Eine Feststellung, die sinnbildlich für das Leben des Seriengründers und aus dem Fernsehen bekannten Investors steht. Mal abgesehen vom Aussagewert – der sicher zutreffend ist –, gibt der fehlerhafte Satz eine Ahnung davon, wie die Lebensgeschichte von Frank Thelen bis dato verlaufen ist: alles andere als fehlerfrei und geradlinig. „Ich bin vom Gymnasium geflogen – und durfte im Jahr 2017 in der Bundesversammlung den Bundespräsidenten wählen. (…) Mein Informatiklehrer warnte meinen Vater davor, mich an einen Computer zu lassen – nur wenige Jahre später entwickelte ich die weltweit führende Software für digitale Fotoservices. Ich hatte Millionenschulden – heute muss ich mir um meinen Lebensunterhalt keine Gedanken mehr machen“. (S. 283)

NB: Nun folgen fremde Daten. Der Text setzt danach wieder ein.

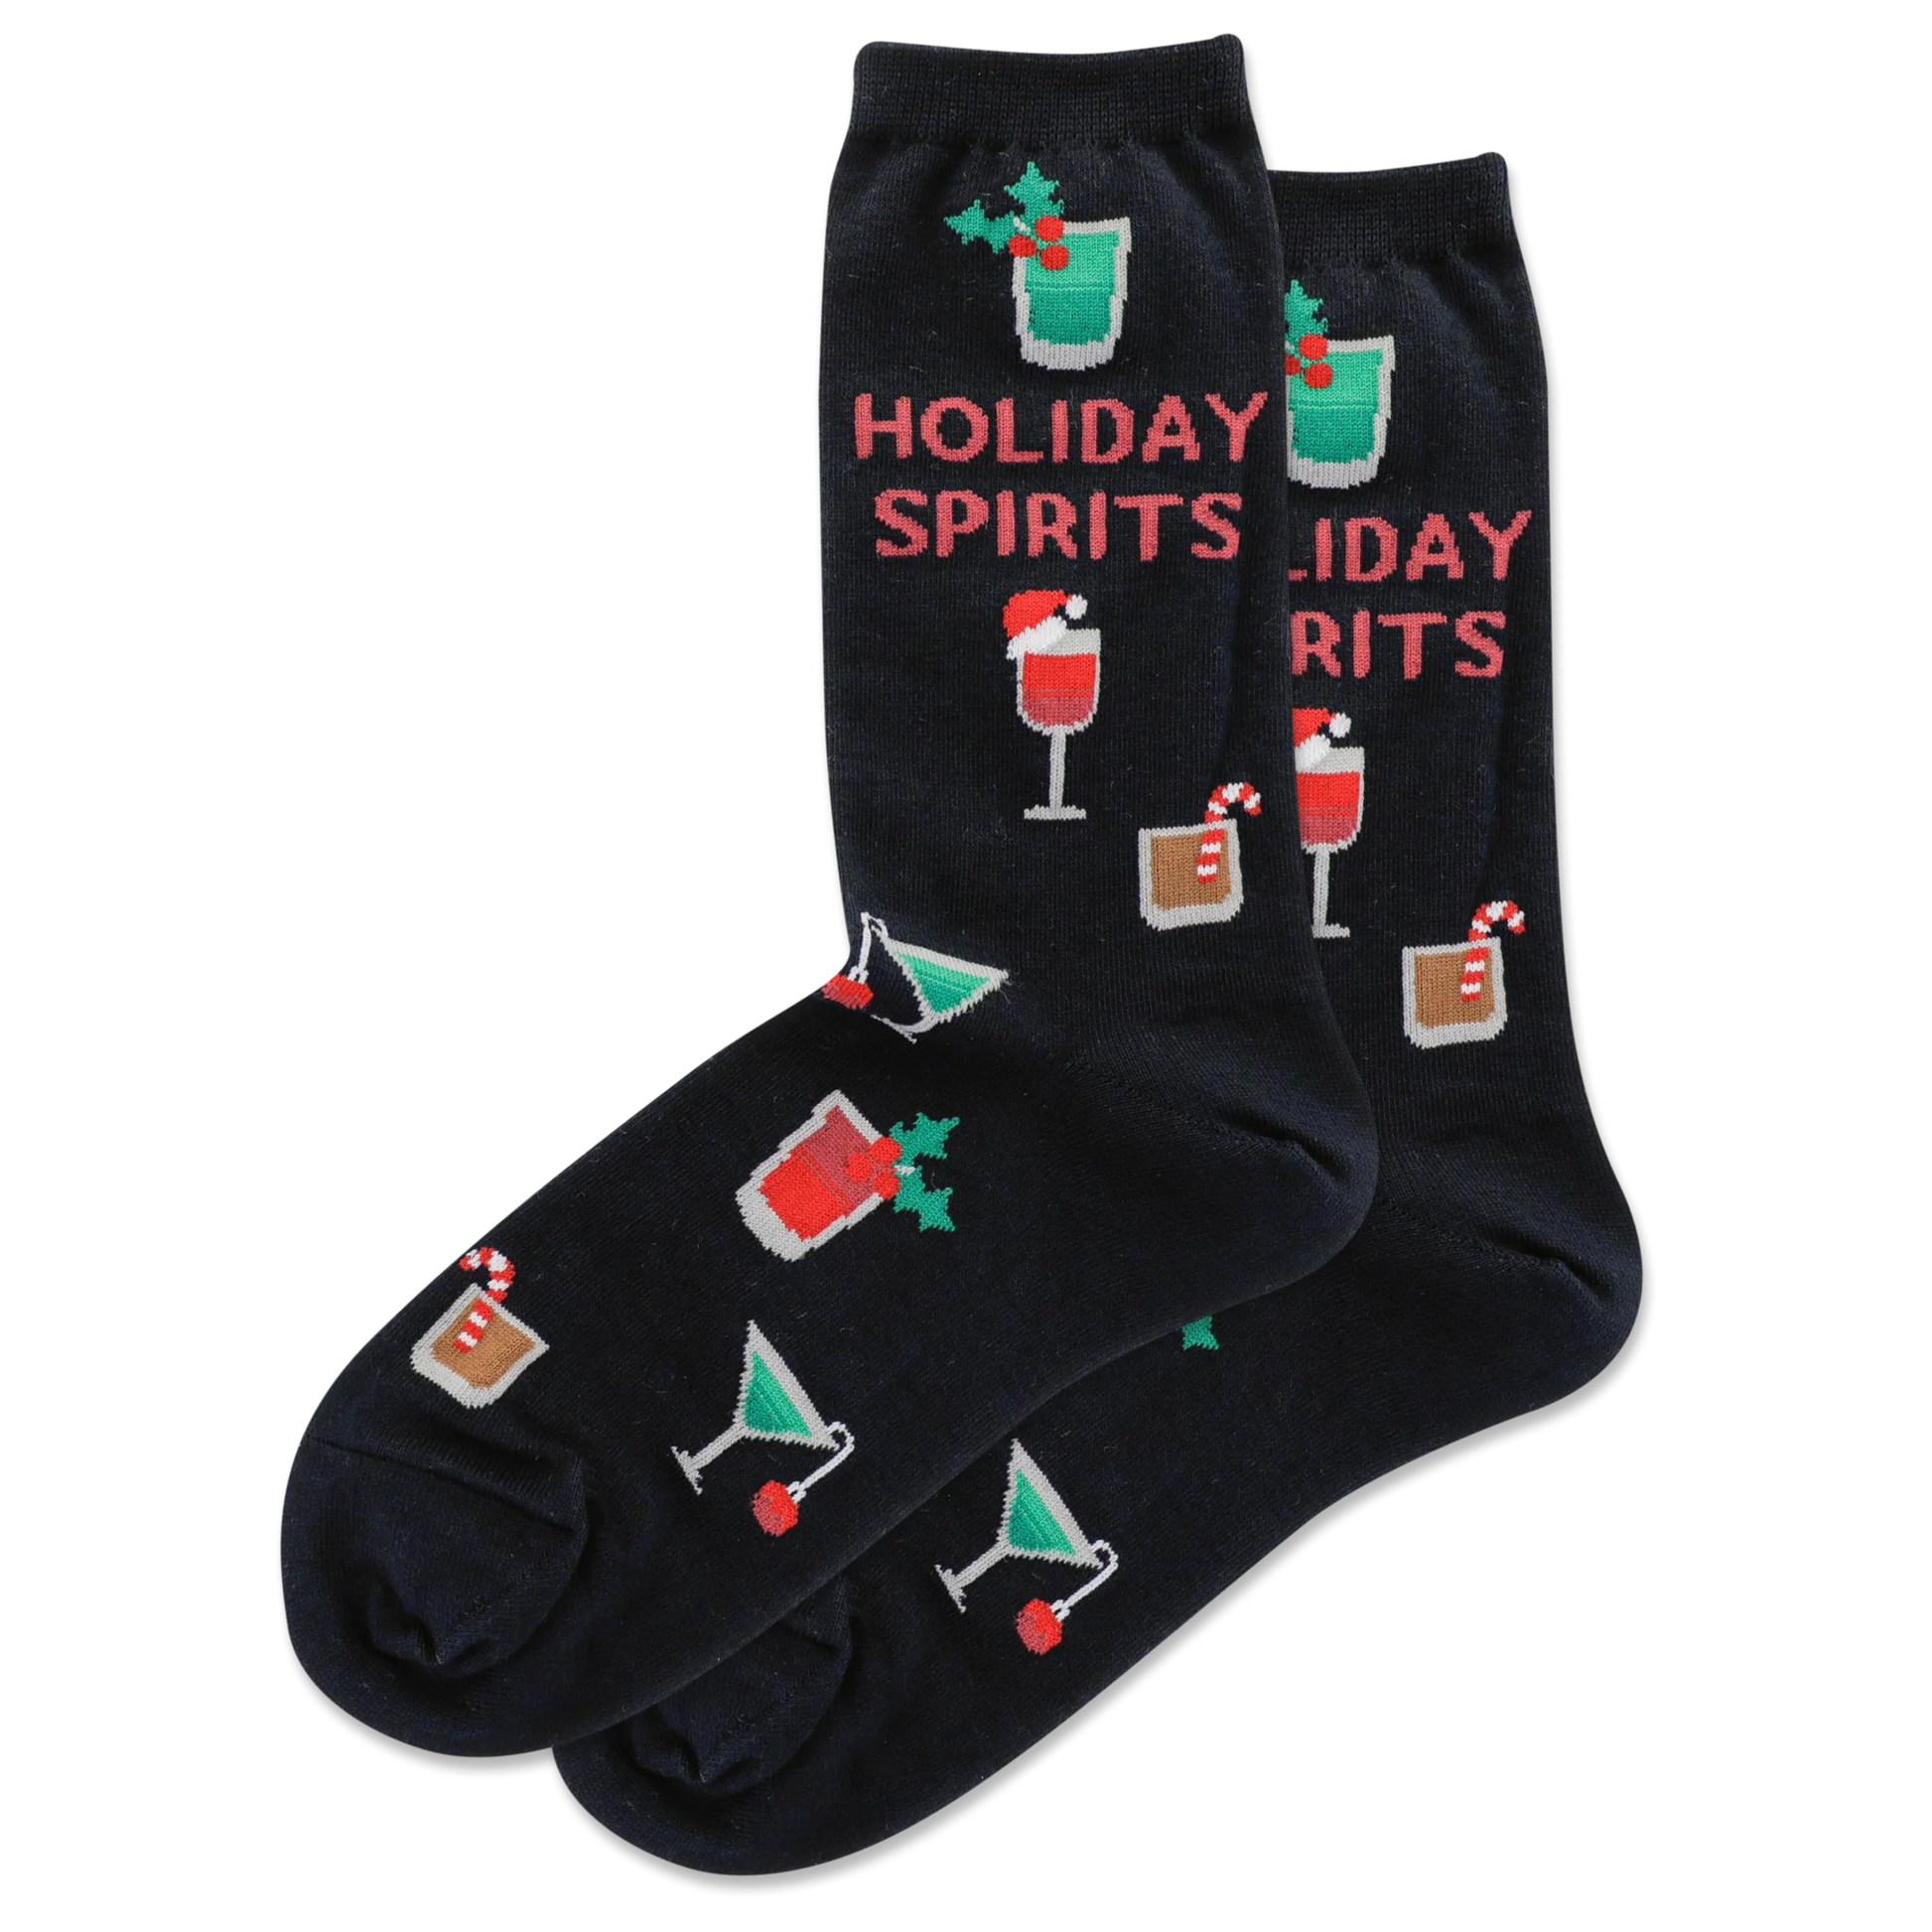 HOTSOX Men's Holiday Spirits Sock

Dieser Werdegang, faszinierend und lehrreich zugleich, kann im Buch nachgelesen werden – ausgehend von der Kindheit und Jugend, die stark durch das Skateboarden geprägt war, über die ersten Schritte als Unternehmer, die in einer Insolvenz endeten, bis hin zum heutigen Engagement als Investor, das schon viele erfolgreiche Startups hervorgebracht hat (u. a. Wunderlist, Little Lunch, Lilium Aviation). Des Weiteren ist ein „kurzer Einblick in die Zukunft“ (S. 210f) zu finden – Künstliche Intelligenz, Blockchain, Virtual und Augmented Reality, Quantum-Computing…

Auch wenn mich der Lebenslauf von Frank Thelen beeindruckt hat, ist es nicht dieser, auf den ich mein Augenmerk im Beitrag legen möchte, sondern auf die vielen Lektionen, die daraus resultieren. Bei der Lektüre von »Startup-DNA«* kann frau nämlich einiges über selbige lernen. Als Gründer*in „mal eben so im Handumdrehen Millionär werden“ liegt fernab der Realität. Also, was braucht es um ein Unternehmen zum Erfolg zu führen?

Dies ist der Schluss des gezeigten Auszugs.